Top of Supplied entries

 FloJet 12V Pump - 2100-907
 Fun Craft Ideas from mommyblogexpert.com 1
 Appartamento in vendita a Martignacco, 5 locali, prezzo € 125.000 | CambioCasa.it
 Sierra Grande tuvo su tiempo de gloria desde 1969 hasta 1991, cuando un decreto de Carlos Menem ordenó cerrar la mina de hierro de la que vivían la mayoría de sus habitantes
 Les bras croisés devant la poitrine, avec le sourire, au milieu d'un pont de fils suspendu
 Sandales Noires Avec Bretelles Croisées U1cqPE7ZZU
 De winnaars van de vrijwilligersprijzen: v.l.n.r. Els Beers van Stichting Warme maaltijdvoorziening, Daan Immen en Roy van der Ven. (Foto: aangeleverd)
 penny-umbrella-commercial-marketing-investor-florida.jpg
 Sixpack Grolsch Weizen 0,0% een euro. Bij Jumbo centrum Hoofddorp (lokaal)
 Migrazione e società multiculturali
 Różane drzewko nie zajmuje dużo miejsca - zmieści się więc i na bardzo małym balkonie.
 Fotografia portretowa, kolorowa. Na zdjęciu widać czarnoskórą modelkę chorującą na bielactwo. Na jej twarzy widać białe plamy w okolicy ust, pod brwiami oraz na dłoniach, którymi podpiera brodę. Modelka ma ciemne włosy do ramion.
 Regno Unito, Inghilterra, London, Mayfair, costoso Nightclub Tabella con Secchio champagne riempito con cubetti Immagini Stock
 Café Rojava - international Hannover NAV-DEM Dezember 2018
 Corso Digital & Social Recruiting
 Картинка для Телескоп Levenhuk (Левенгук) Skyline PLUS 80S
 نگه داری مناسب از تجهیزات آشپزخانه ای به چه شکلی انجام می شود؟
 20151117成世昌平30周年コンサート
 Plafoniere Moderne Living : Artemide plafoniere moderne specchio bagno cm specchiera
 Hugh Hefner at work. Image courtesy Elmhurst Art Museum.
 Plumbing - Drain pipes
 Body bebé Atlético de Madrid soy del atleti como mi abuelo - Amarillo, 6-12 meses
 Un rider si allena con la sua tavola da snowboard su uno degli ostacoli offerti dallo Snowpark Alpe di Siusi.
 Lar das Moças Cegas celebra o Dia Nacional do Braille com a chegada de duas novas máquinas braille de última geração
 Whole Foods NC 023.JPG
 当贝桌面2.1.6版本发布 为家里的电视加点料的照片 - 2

Bottom of Supplied entries

**The problem:**
Every record must be given again exactly as it was written.

**Response to this task:**
 FloJet 12V Pump - 2100-907
 Fun Craft Ideas from mommyblogexpert.com 1
 Appartamento in vendita a Martignacco, 5 locali, prezzo € 125.000 | CambioCasa.it
 Sierra Grande tuvo su tiempo de gloria desde 1969 hasta 1991, cuando un decreto de Carlos Menem ordenó cerrar la mina de hierro de la que vivían la mayoría de sus habitantes
 Les bras croisés devant la poitrine, avec le sourire, au milieu d'un pont de fils suspendu
 Sandales Noires Avec Bretelles Croisées U1cqPE7ZZU
 De winnaars van de vrijwilligersprijzen: v.l.n.r. Els Beers van Stichting Warme maaltijdvoorziening, Daan Immen en Roy van der Ven. (Foto: aangeleverd)
 penny-umbrella-commercial-marketing-investor-florida.jpg
 Sixpack Grolsch Weizen 0,0% een euro. Bij Jumbo centrum Hoofddorp (lokaal)
 Migrazione e società multiculturali
 Różane drzewko nie zajmuje dużo miejsca - zmieści się więc i na bardzo małym balkonie.
 Fotografia portretowa, kolorowa. Na zdjęciu widać czarnoskórą modelkę chorującą na bielactwo. Na jej twarzy widać białe plamy w okolicy ust, pod brwiami oraz na dłoniach, którymi podpiera brodę. Modelka ma ciemne włosy do ramion.
 Regno Unito, Inghilterra, London, Mayfair, costoso Nightclub Tabella con Secchio champagne riempito con cubetti Immagini Stock
 Café Rojava - international Hannover NAV-DEM Dezember 2018
 Corso Digital & Social Recruiting
 Картинка для Телескоп Levenhuk (Левенгук) Skyline PLUS 80S
 نگه داری مناسب از تجهیزات آشپزخانه ای به چه شکلی انجام می شود؟
 20151117成世昌平30周年コンサート
 Plafoniere Moderne Living : Artemide plafoniere moderne specchio bagno cm specchiera
 Hugh Hefner at work. Image courtesy Elmhurst Art Museum.
 Plumbing - Drain pipes
 Body bebé Atlético de Madrid soy del atleti como mi abuelo - Amarillo, 6-12 meses
 Un rider si allena con la sua tavola da snowboard su uno degli ostacoli offerti dallo Snowpark Alpe di Siusi.
 Lar das Moças Cegas celebra o Dia Nacional do Braille com a chegada de duas novas máquinas braille de última geração
 Whole Foods NC 023.JPG
 当贝桌面2.1.6版本发布 为家里的电视加点料的照片 - 2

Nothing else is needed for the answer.